[THE TASK]:
Wherever a picture appears in the data below, omit it, and restate everything else word for word.
### DATA SEGMENT ###
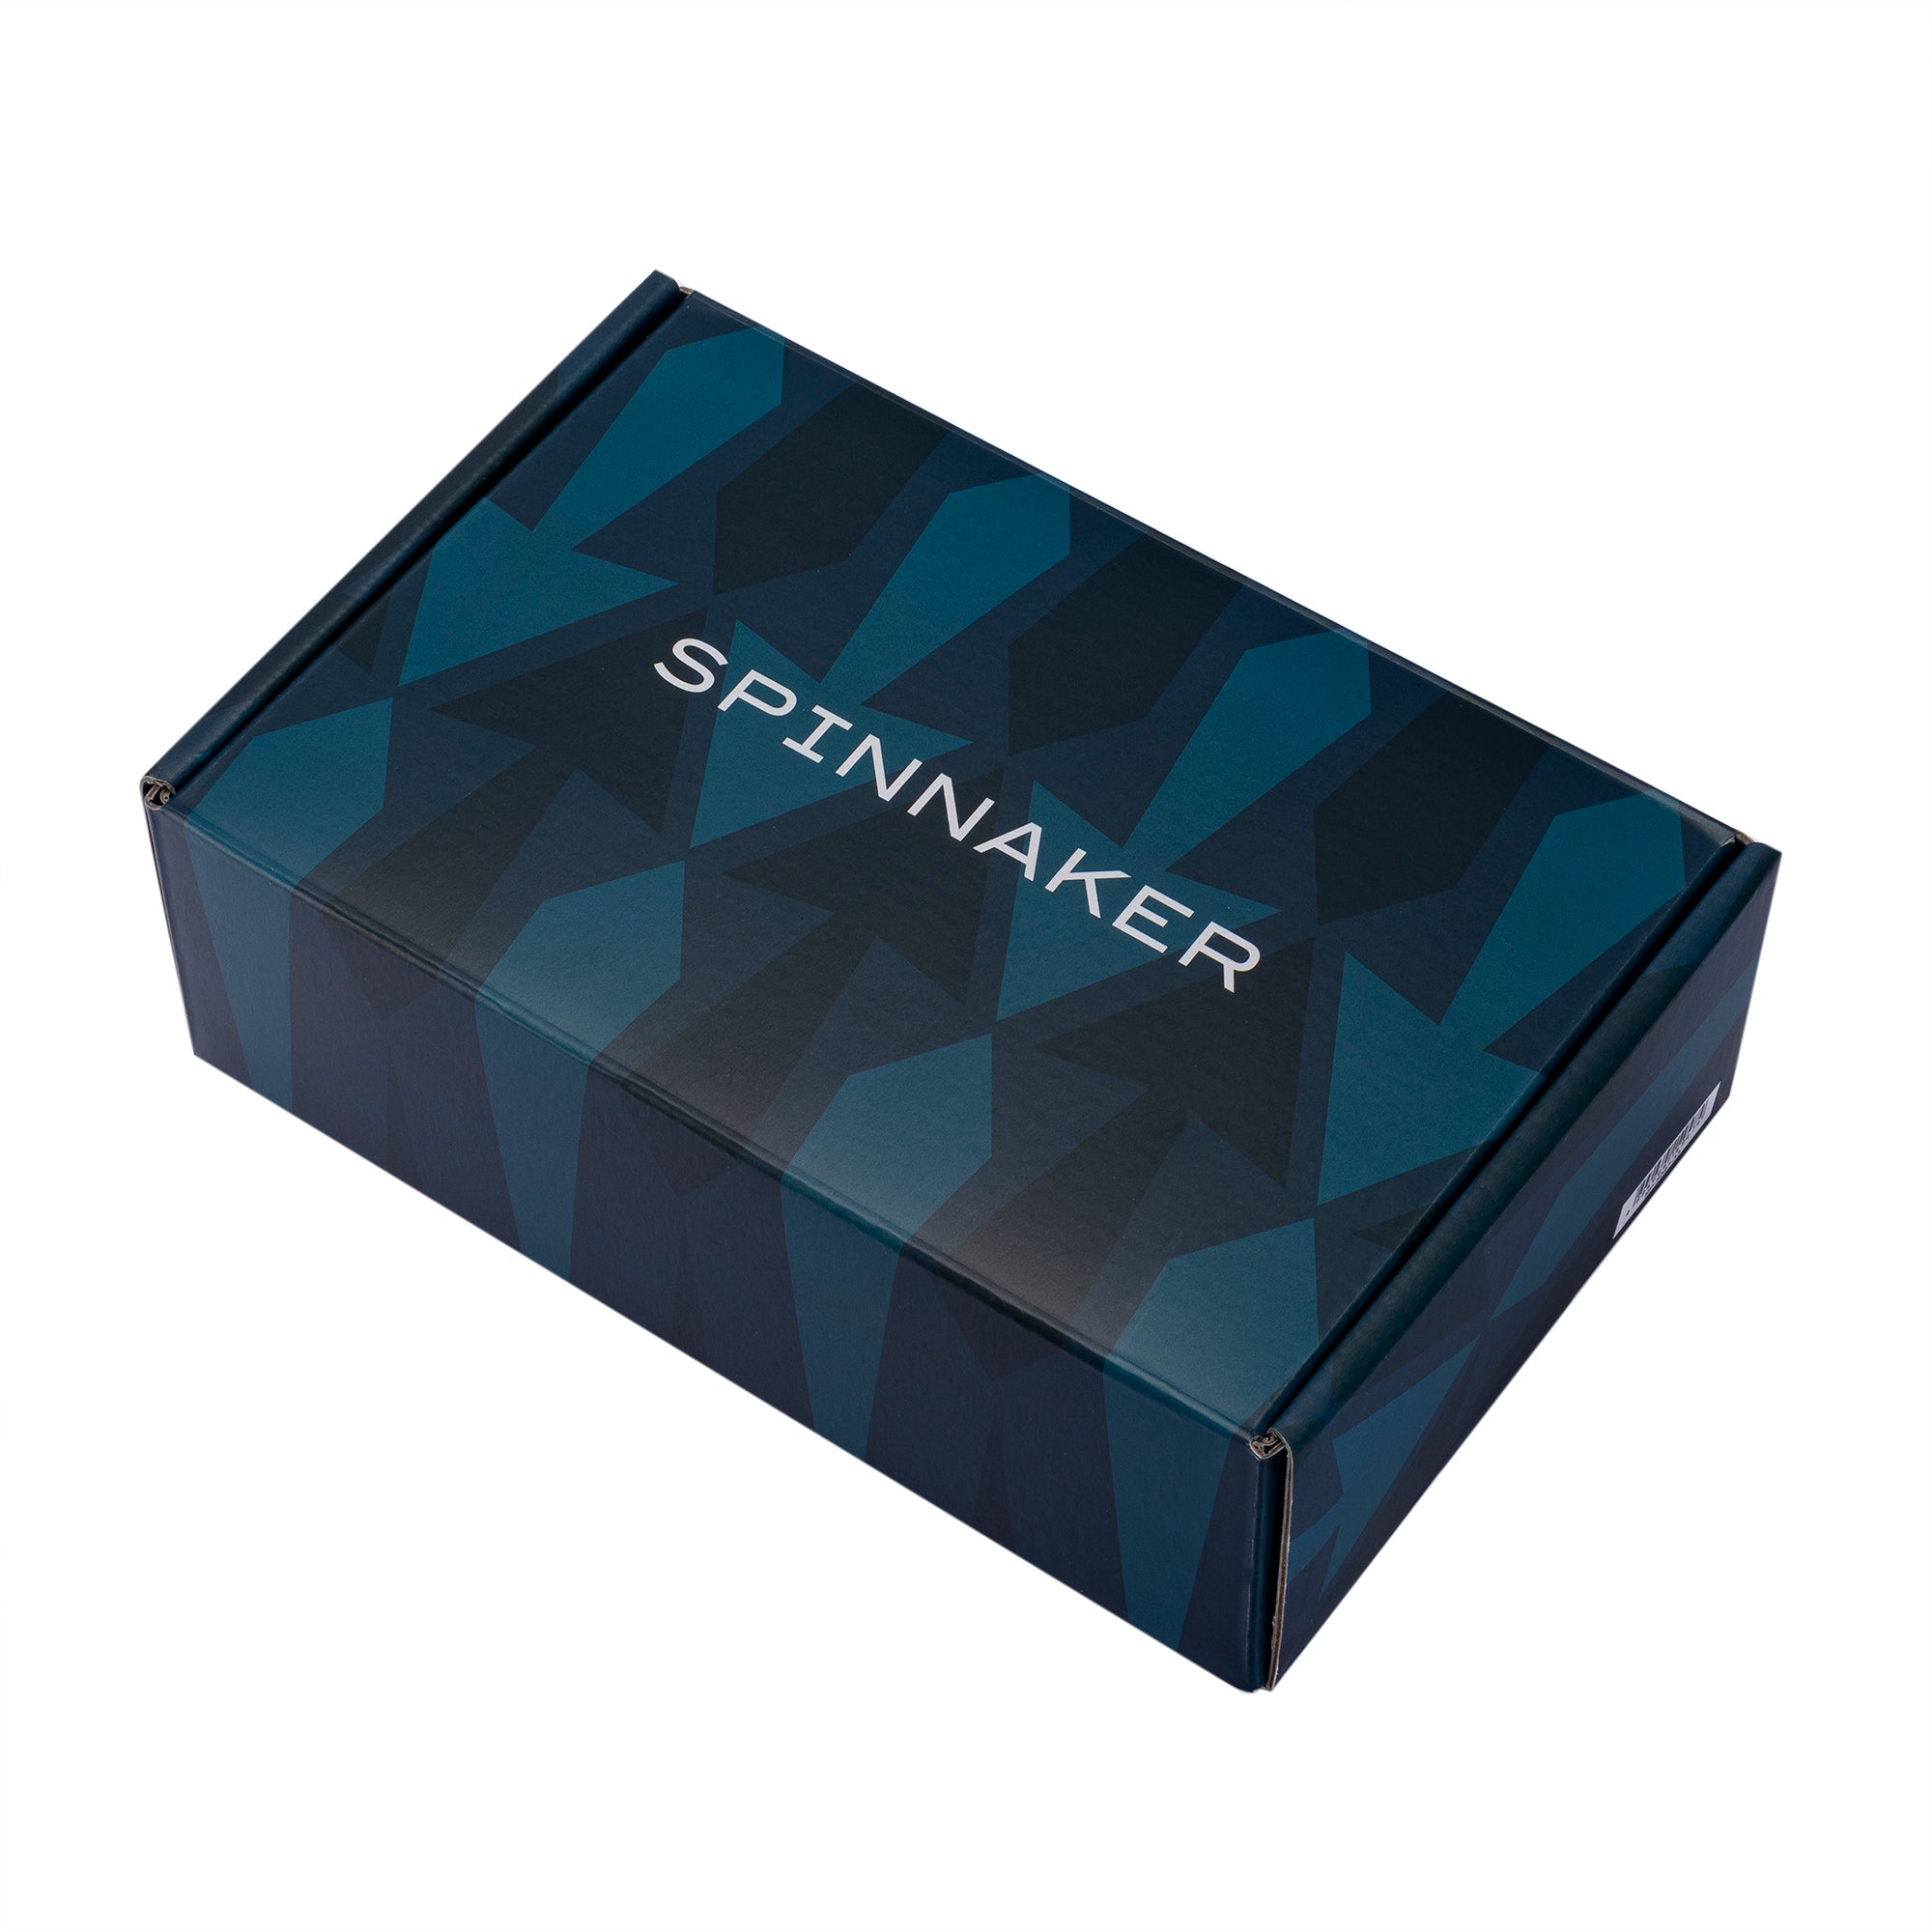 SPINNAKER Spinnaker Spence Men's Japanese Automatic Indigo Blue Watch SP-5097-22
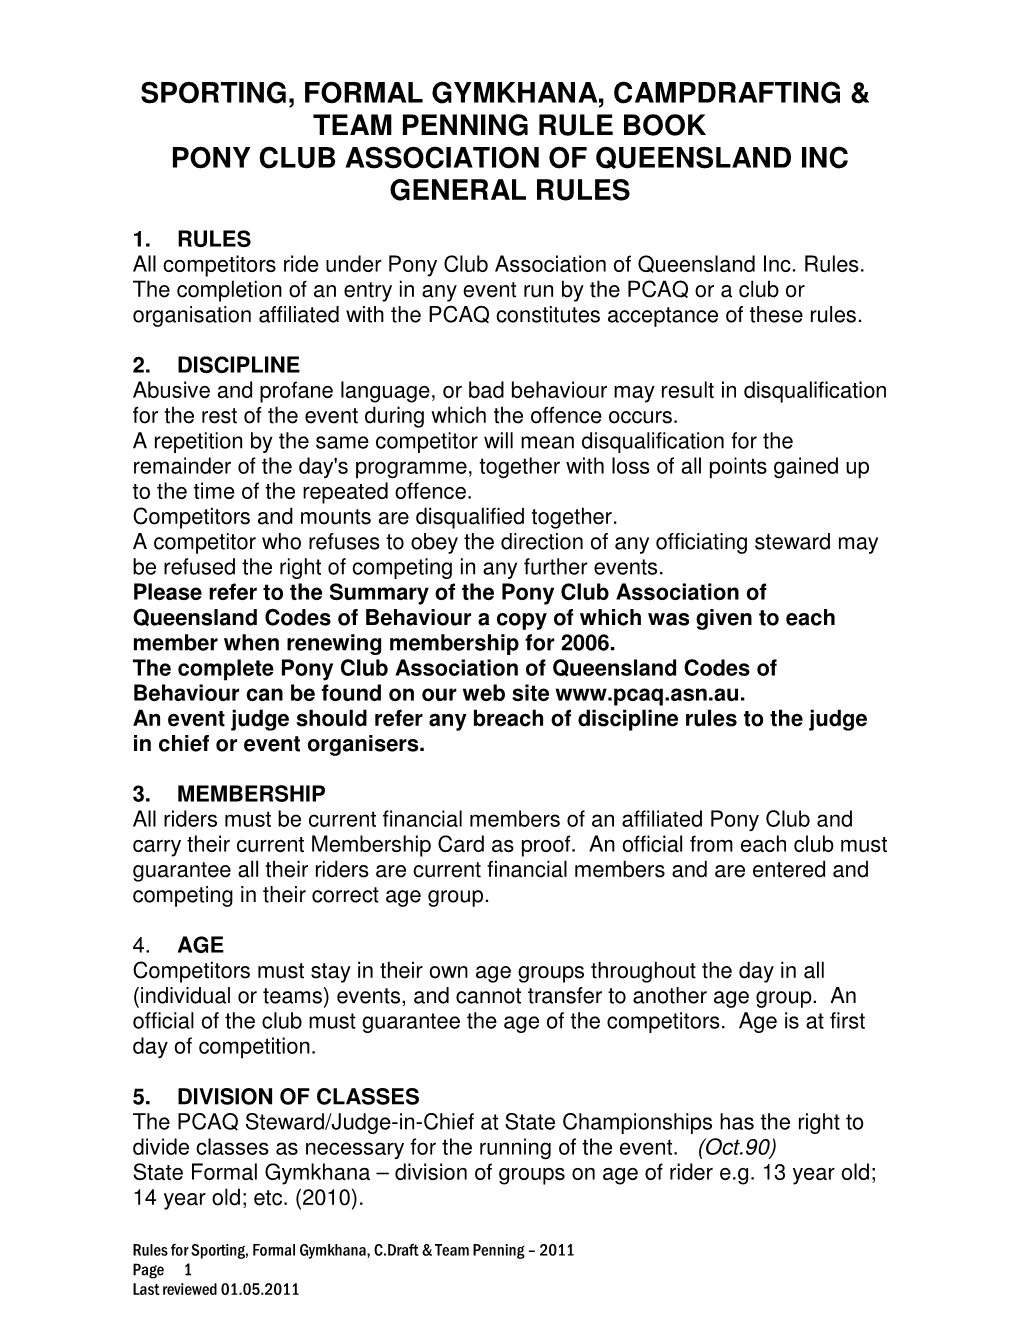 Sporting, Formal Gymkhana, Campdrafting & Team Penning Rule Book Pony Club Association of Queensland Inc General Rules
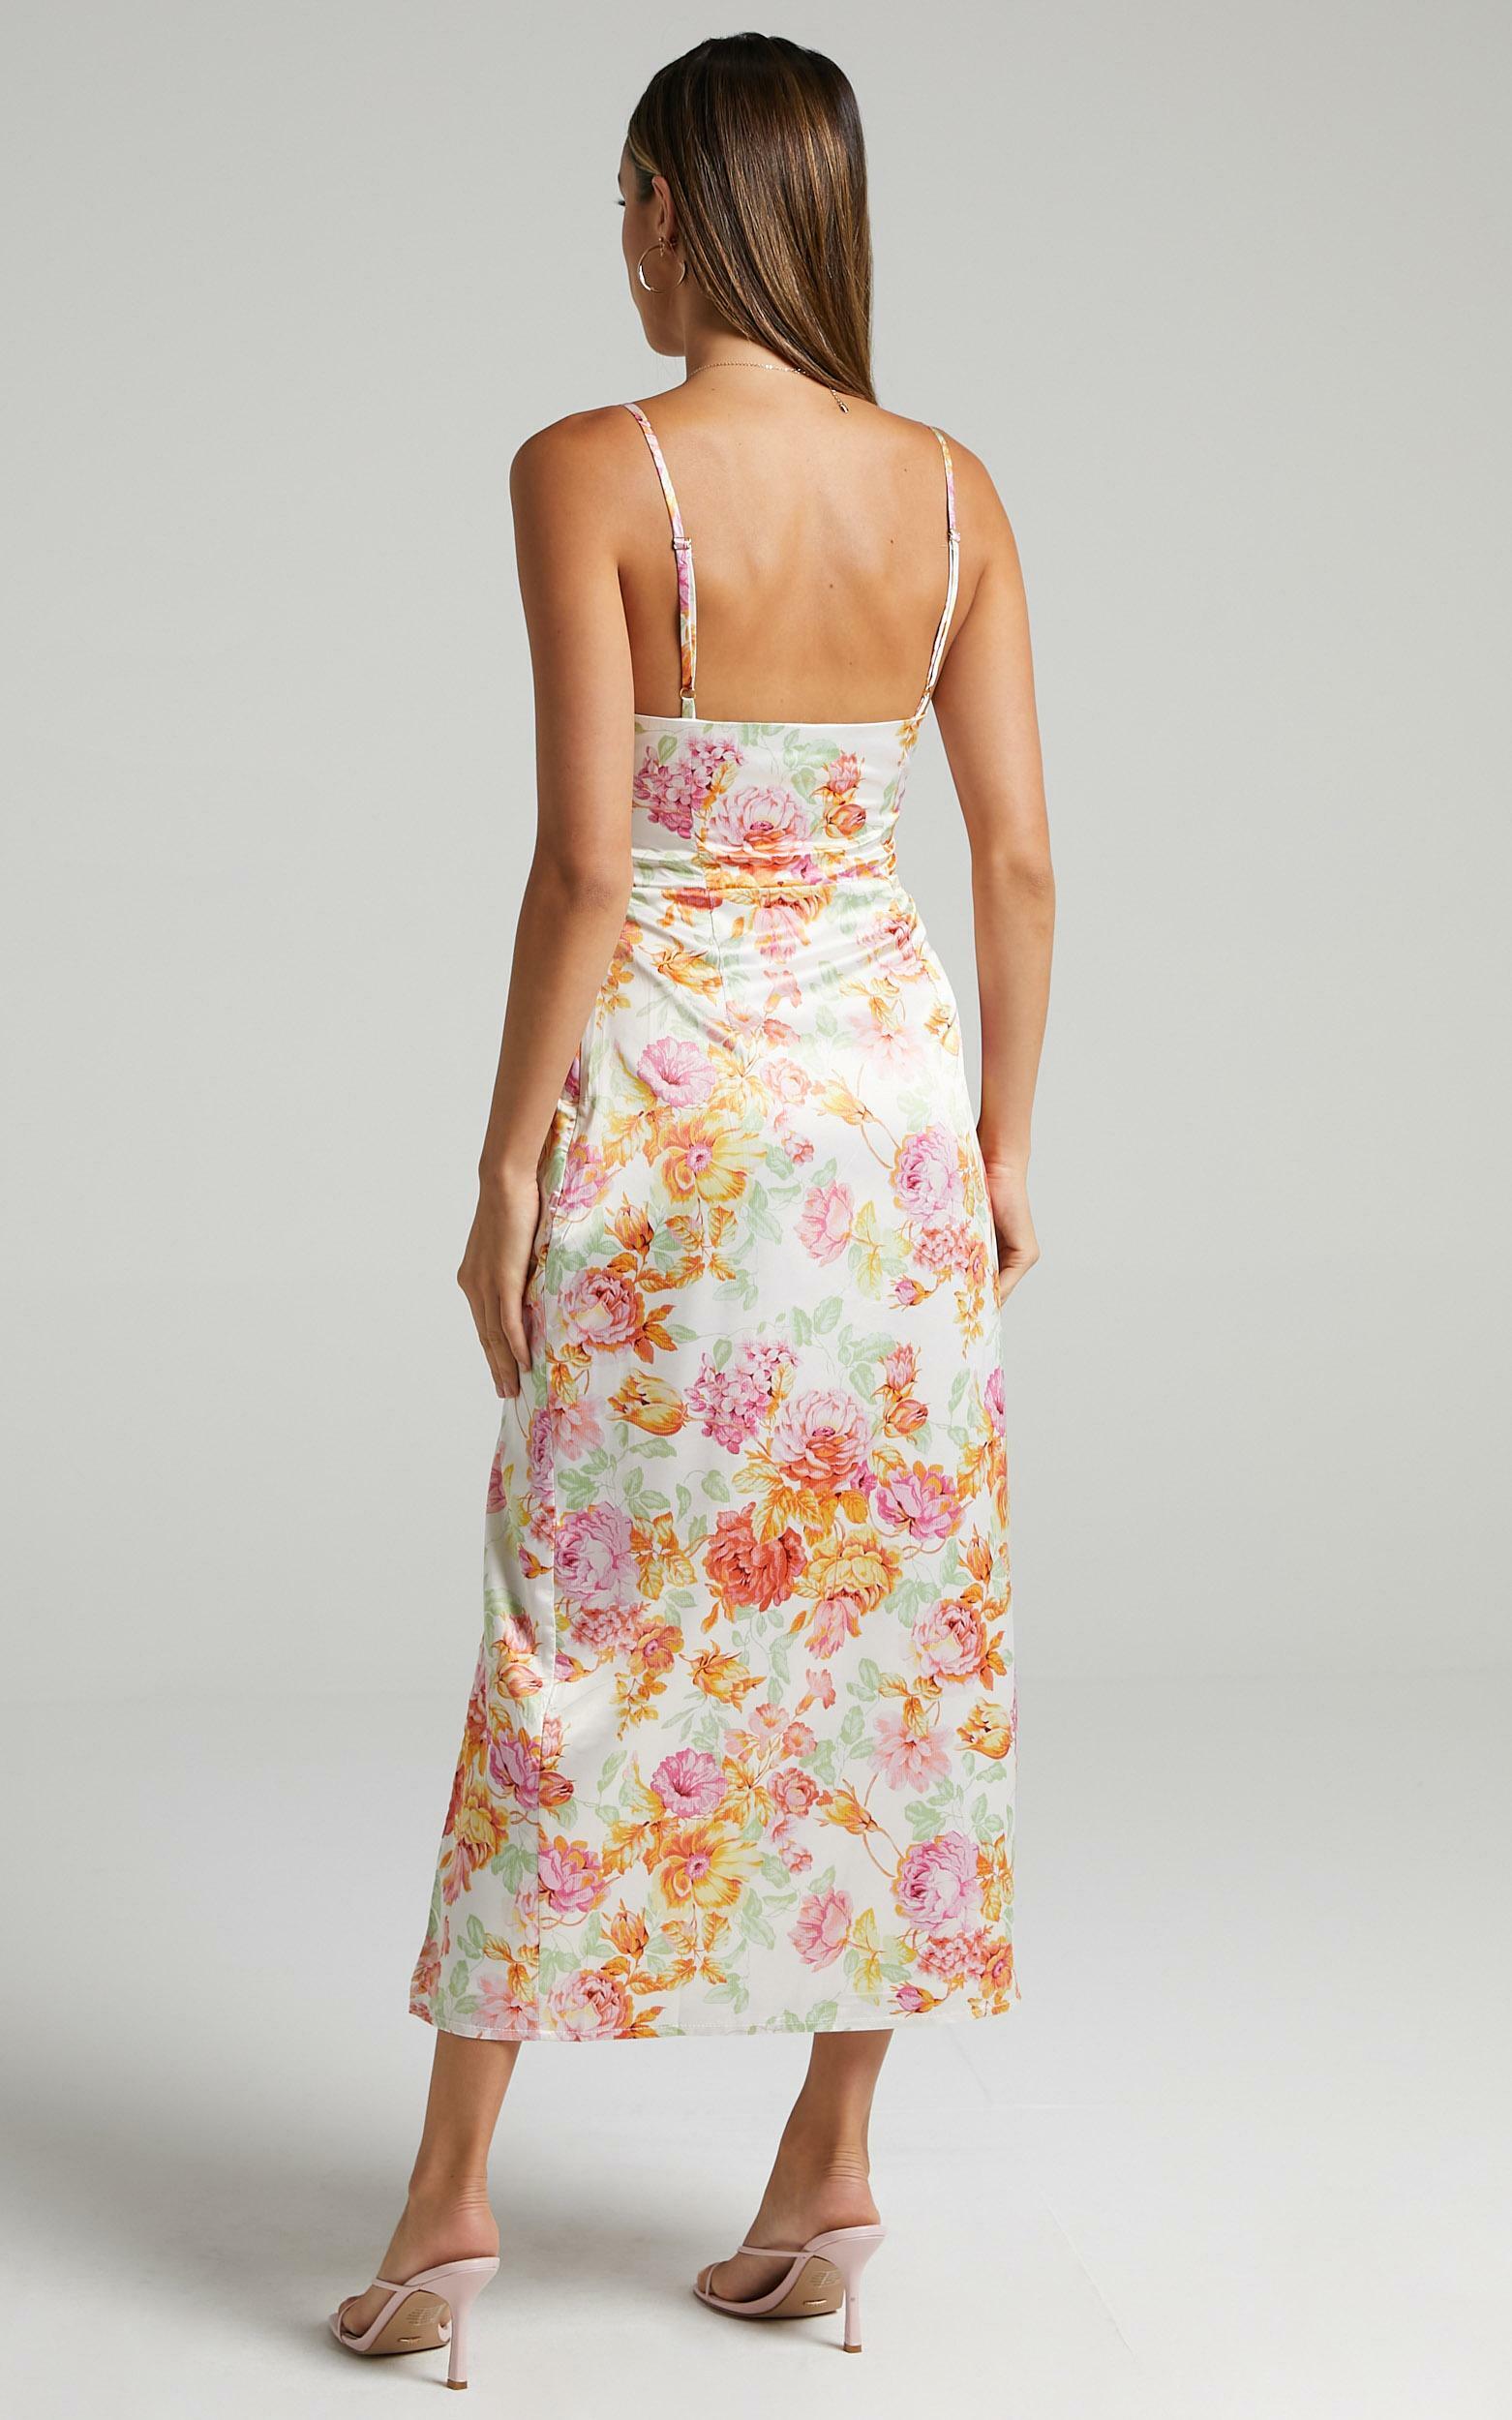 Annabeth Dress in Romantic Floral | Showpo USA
###
[TASK SOLUTION]:
 SPINNAKER Spinnaker Spence Men's Japanese Automatic Indigo Blue Watch SP-5097-22
 Sporting, Formal Gymkhana, Campdrafting & Team Penning Rule Book Pony Club Association of Queensland Inc General Rules
 Annabeth Dress in Romantic Floral | Showpo USA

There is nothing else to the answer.